▸ Data extract:
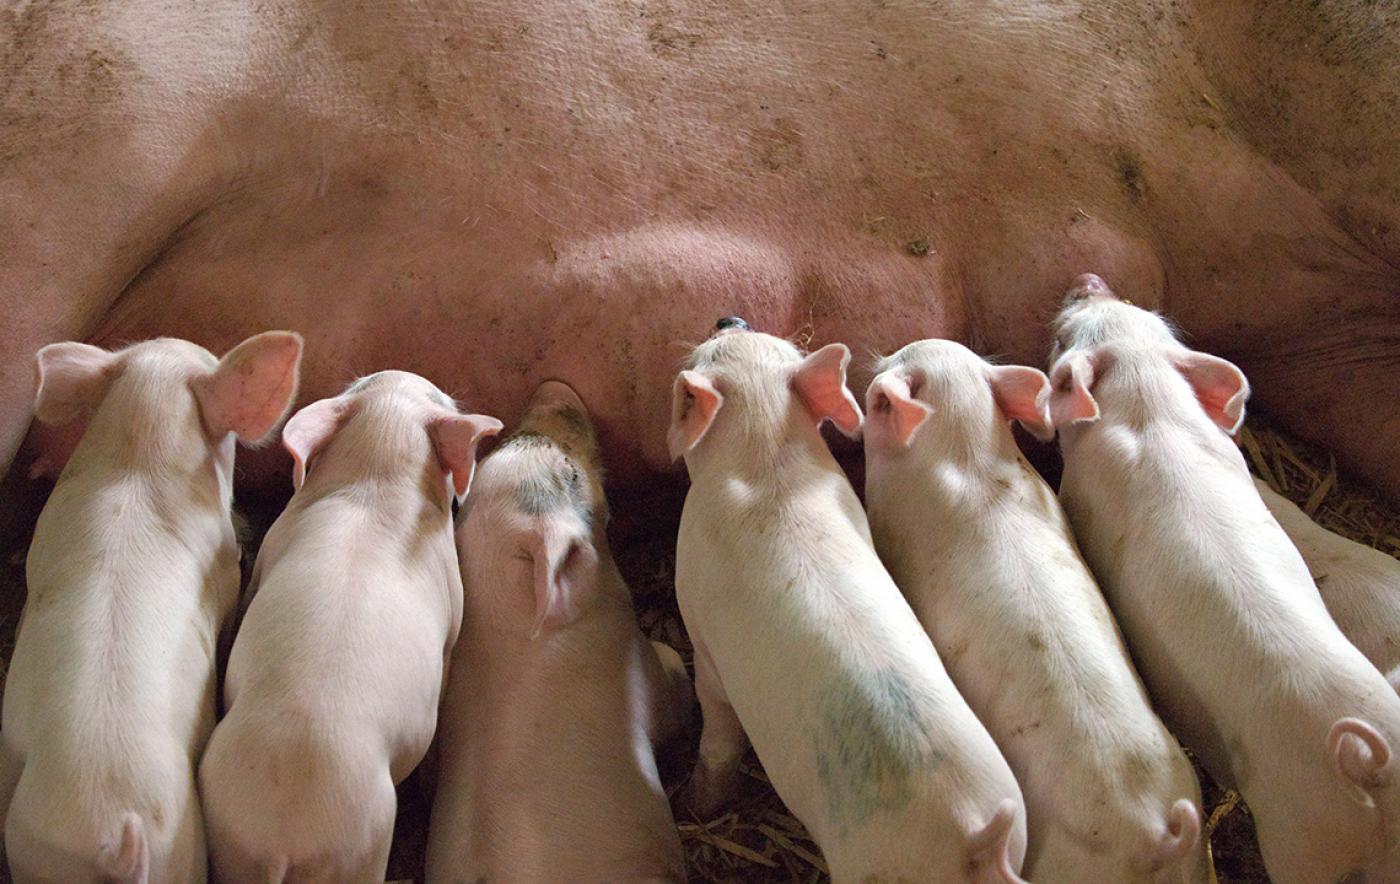 Bauernverband und Interessengemeinschaft der Schweinhalter informieren zur geplanten Tierwohlförderung für Schweine
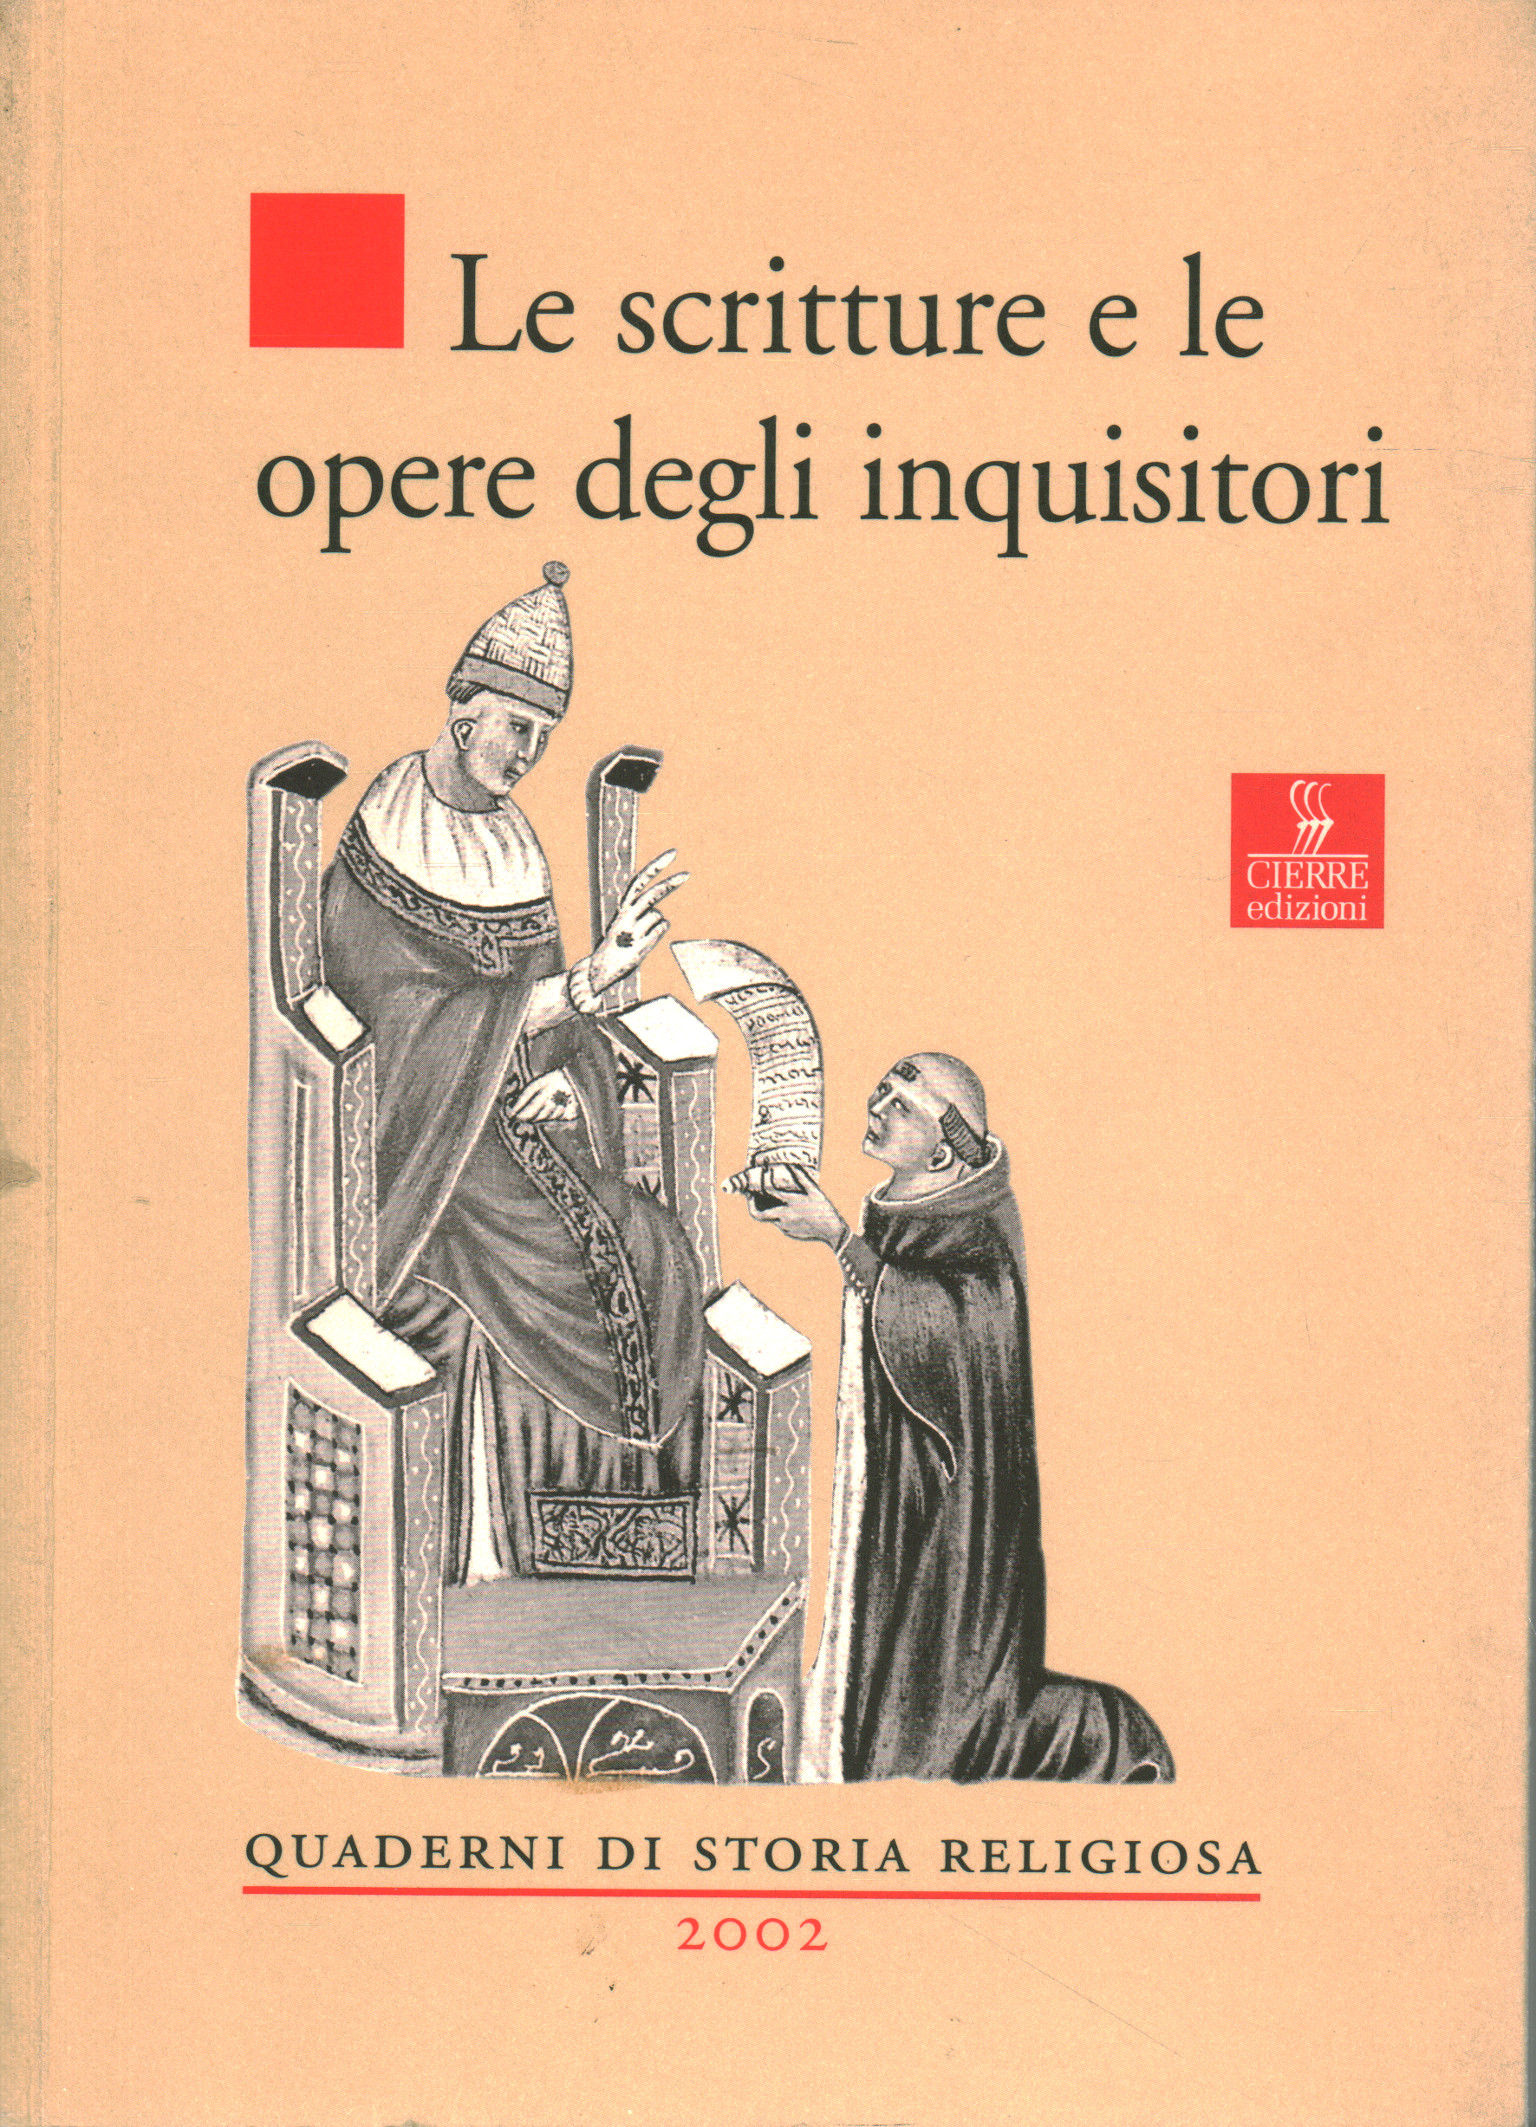 Le scritture e le opere degli inquisitori, AA.VV.
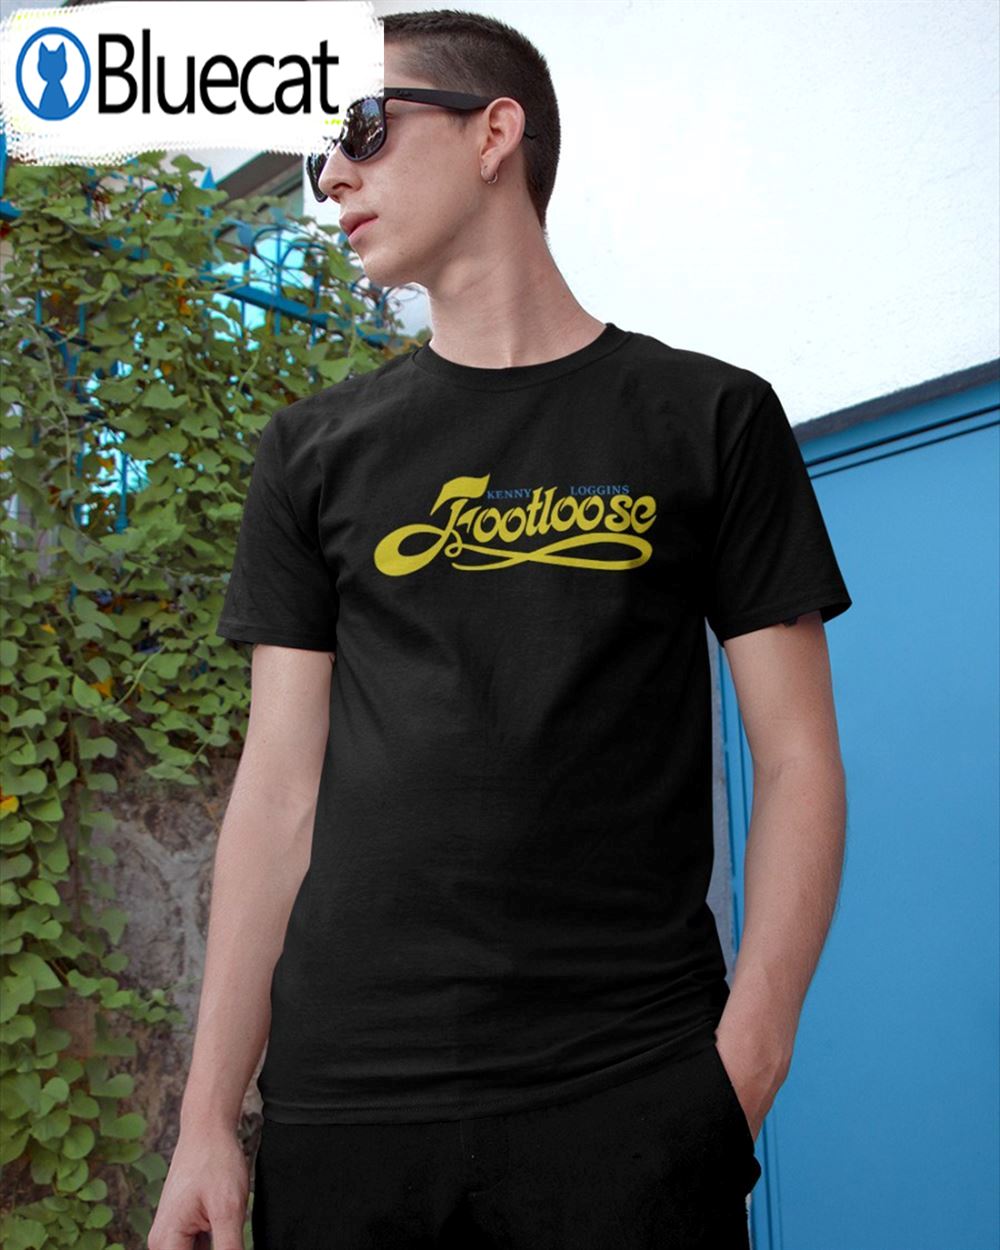 Footloose Kenny Loggins Unisex T-shirt
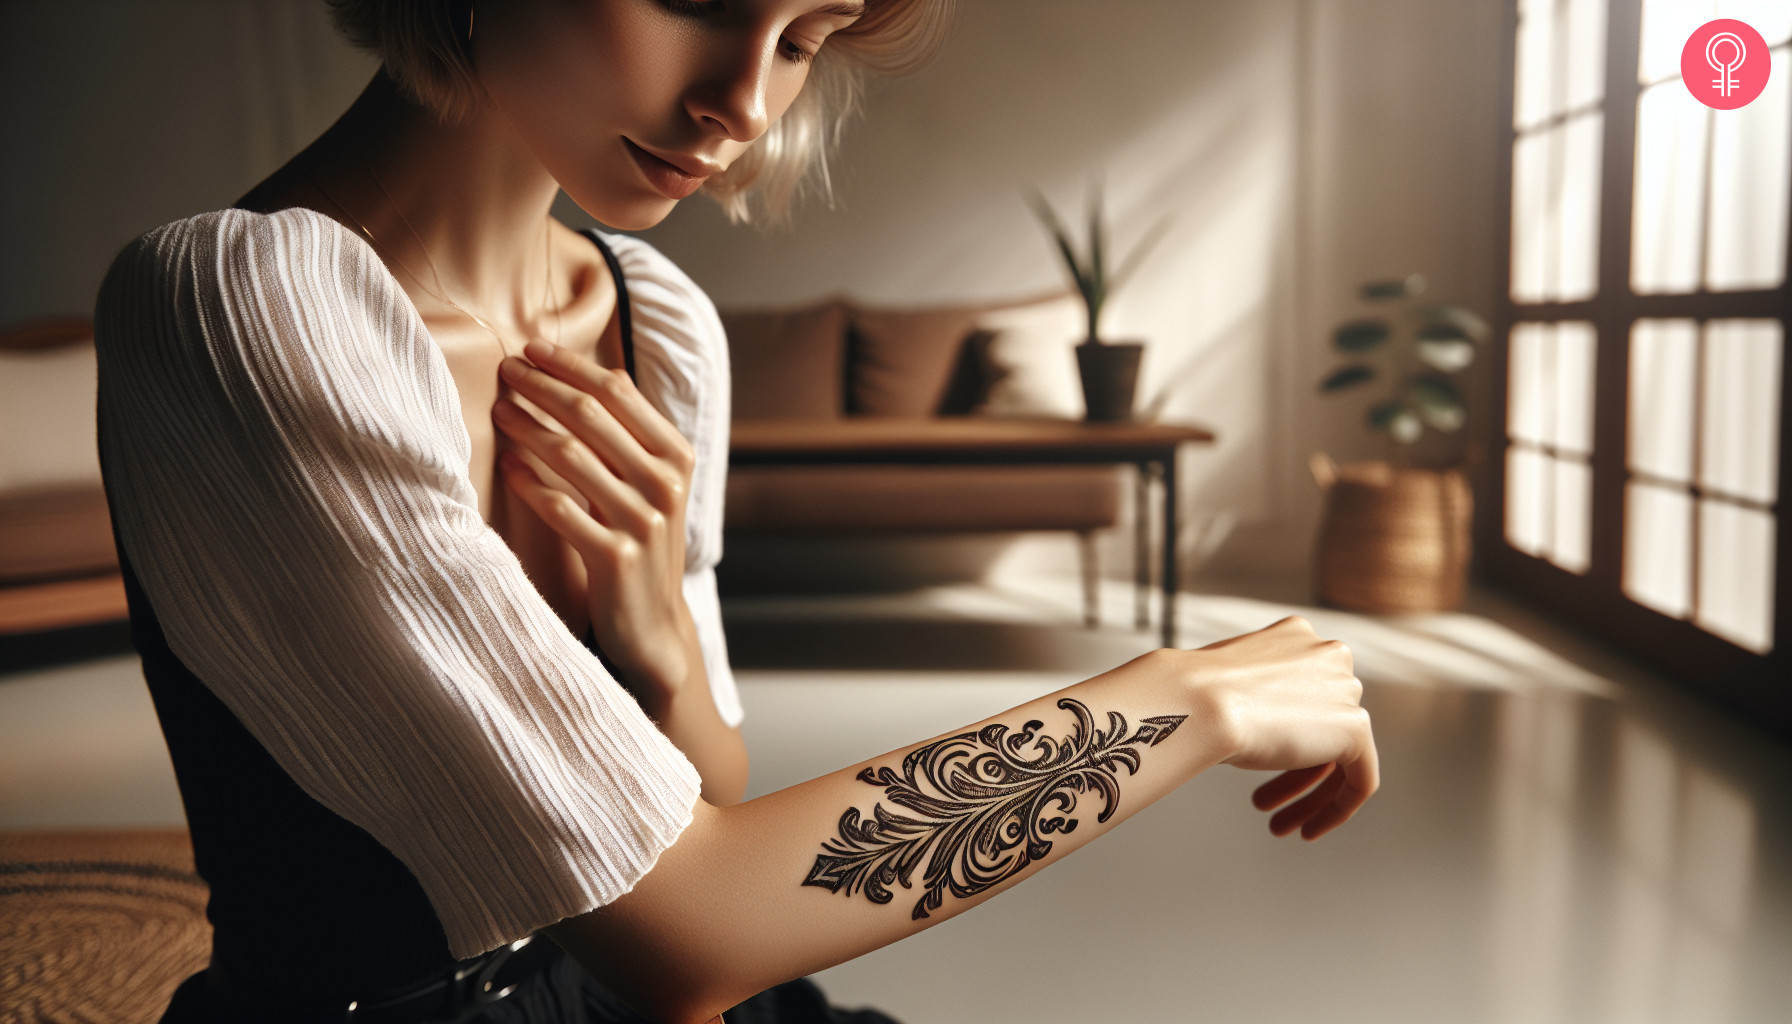 A girly fleur de lis tattoo on the forearm

▸ What this task involves: Leave out every picture and copy verbatim the lines running from the line containing "Footloose Kenny Loggins Unisex T-shirt" through the final line of the data.

▸ Response:
 Footloose Kenny Loggins Unisex T-shirt
 A girly fleur de lis tattoo on the forearm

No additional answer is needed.